When the performance of robot functionalities and robot software components is evaluated, functionalities and software components are usually assumed independent from characteristics of the robot system and environment in which they operate. However, these aspects influence the performance, e.g., the performance of a software component implementing a robot functionality depends on the robot system configuration, such as which sensors are used, the sensor properties, or the robot platform kinematics, characteristics of the environment where the robot operates, and the component configuration parameters.
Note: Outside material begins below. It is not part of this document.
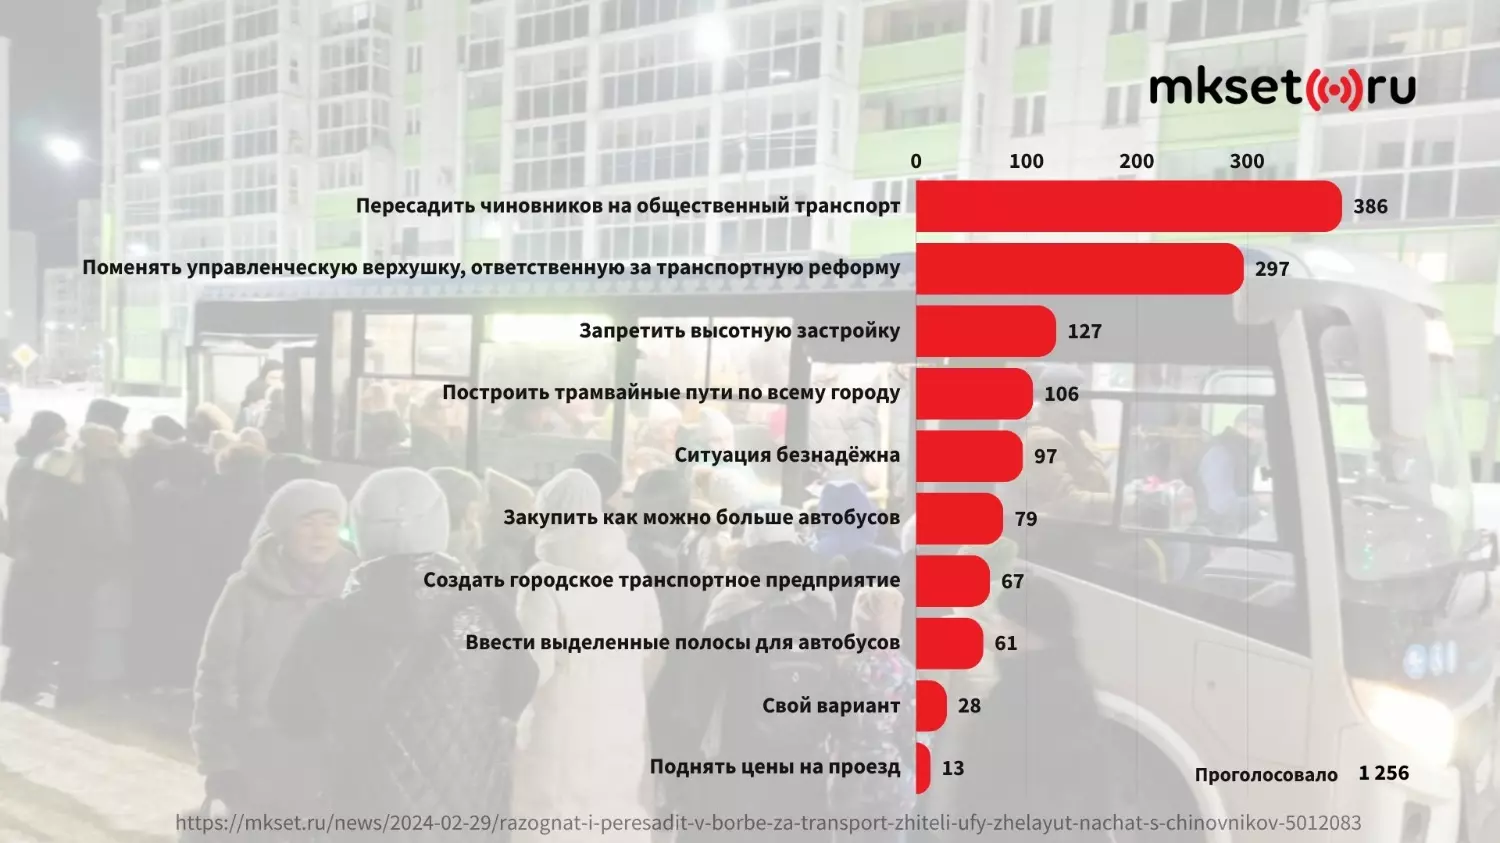 Результаты опроса, проведённого среди читателей Mkset.ru.

This thesis proposes a benchmarking methodology which models the impact of the characteristics of the robot system and its environment on the performance of functionalities and their implementation as software components. However, measuring the performance of a software component for every combination of the variables which influence the performance would be untractable. To make the problem tractable, we propose to sample a relatively small number of combinations, conduct experiments for each of them, and from these results estimate a statistical model of the software component performance, which we call component performance model. To study the performance dependency between components, we build component performance models for multiple functionalities of a robot system. A performance model allows the comparison of different components implementing the same functionality to determine the best one to be used in a given setting and its optimal configuration. Moreover, the performance models enable us to predict
the performance of a robot system given the performance models of its components. Two case studies illustrate application of this methodology to extract performance models: a first case study about benchmarking the Simultaneous Localization and Mapping (SLAM) functionality and the second case study focusing on an autonomous navigation system composed of a localization component and a navigation component.